> [Stored data]
——————————

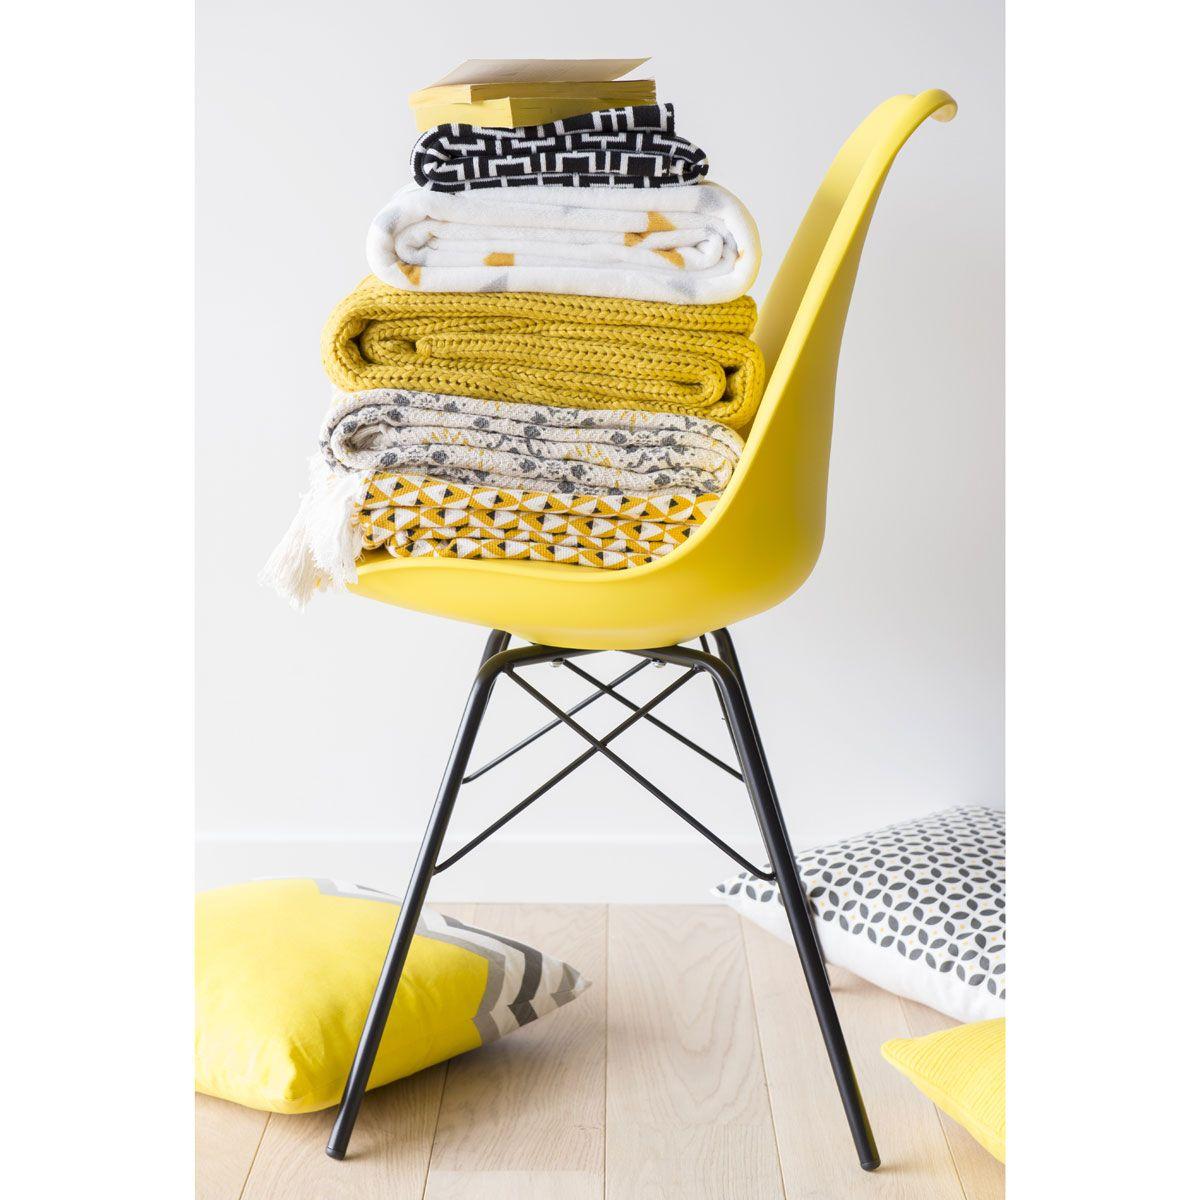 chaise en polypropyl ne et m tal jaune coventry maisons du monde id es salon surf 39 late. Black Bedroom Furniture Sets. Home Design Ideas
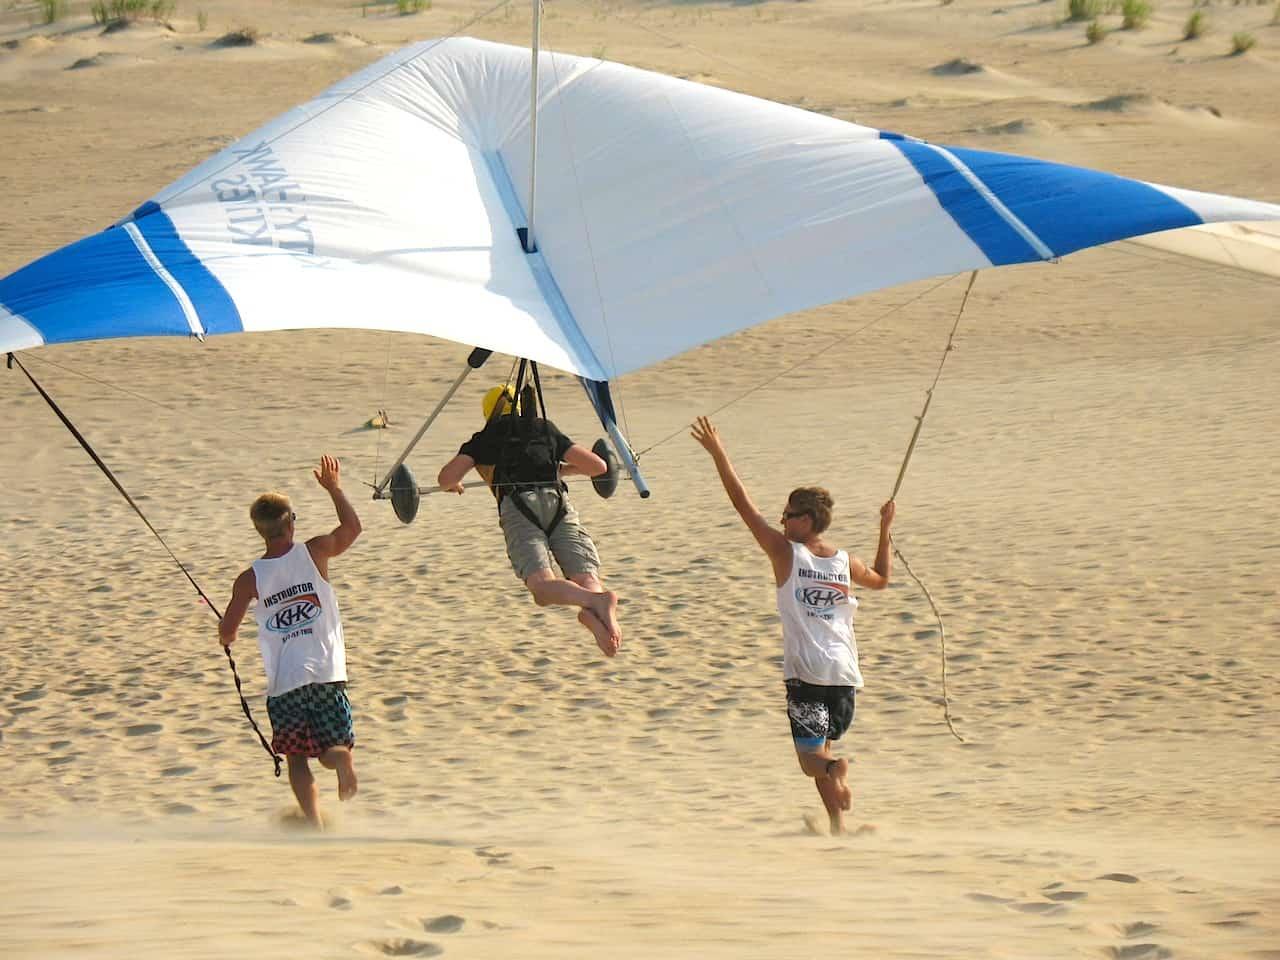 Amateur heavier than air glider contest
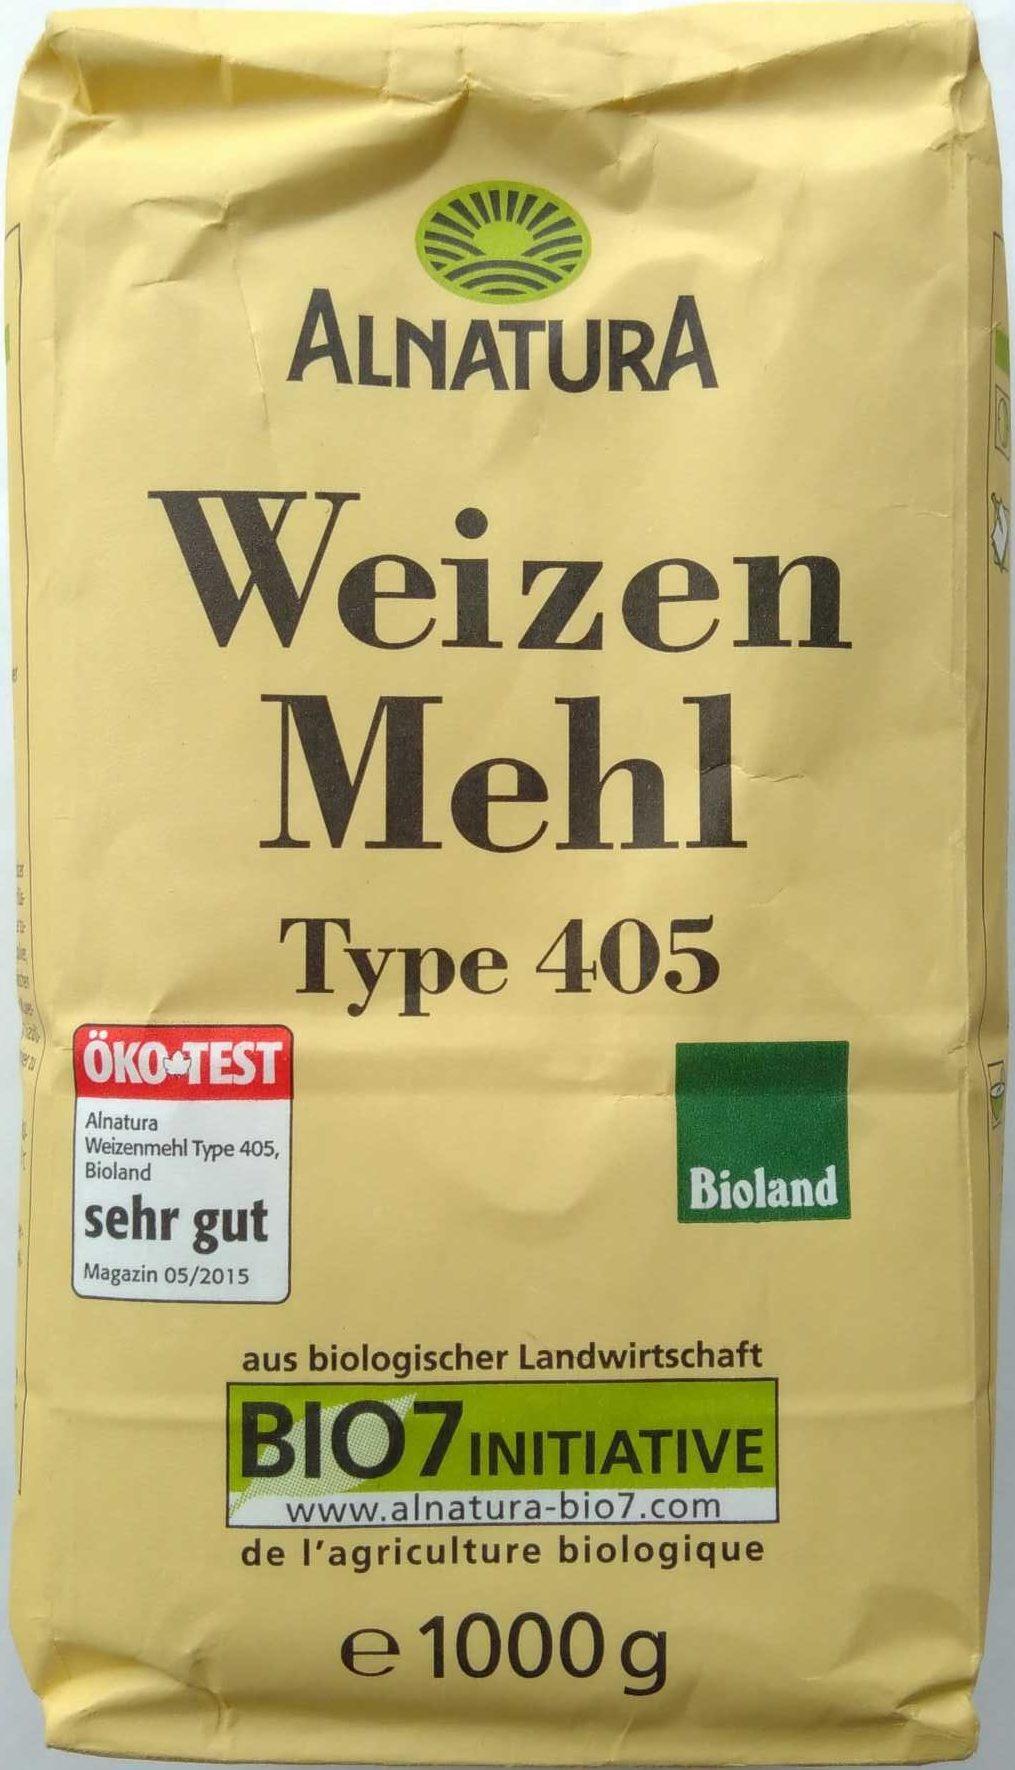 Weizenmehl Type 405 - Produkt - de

——————————

> [Exercise instructions] Take the lines from the one holding "Amateur heavier than air glider contest" through the last line of the data above and copy them exactly, both ends included, omitting all pictures.

> [Expected answer]
 Amateur heavier than air glider contest
 Weizenmehl Type 405 - Produkt - de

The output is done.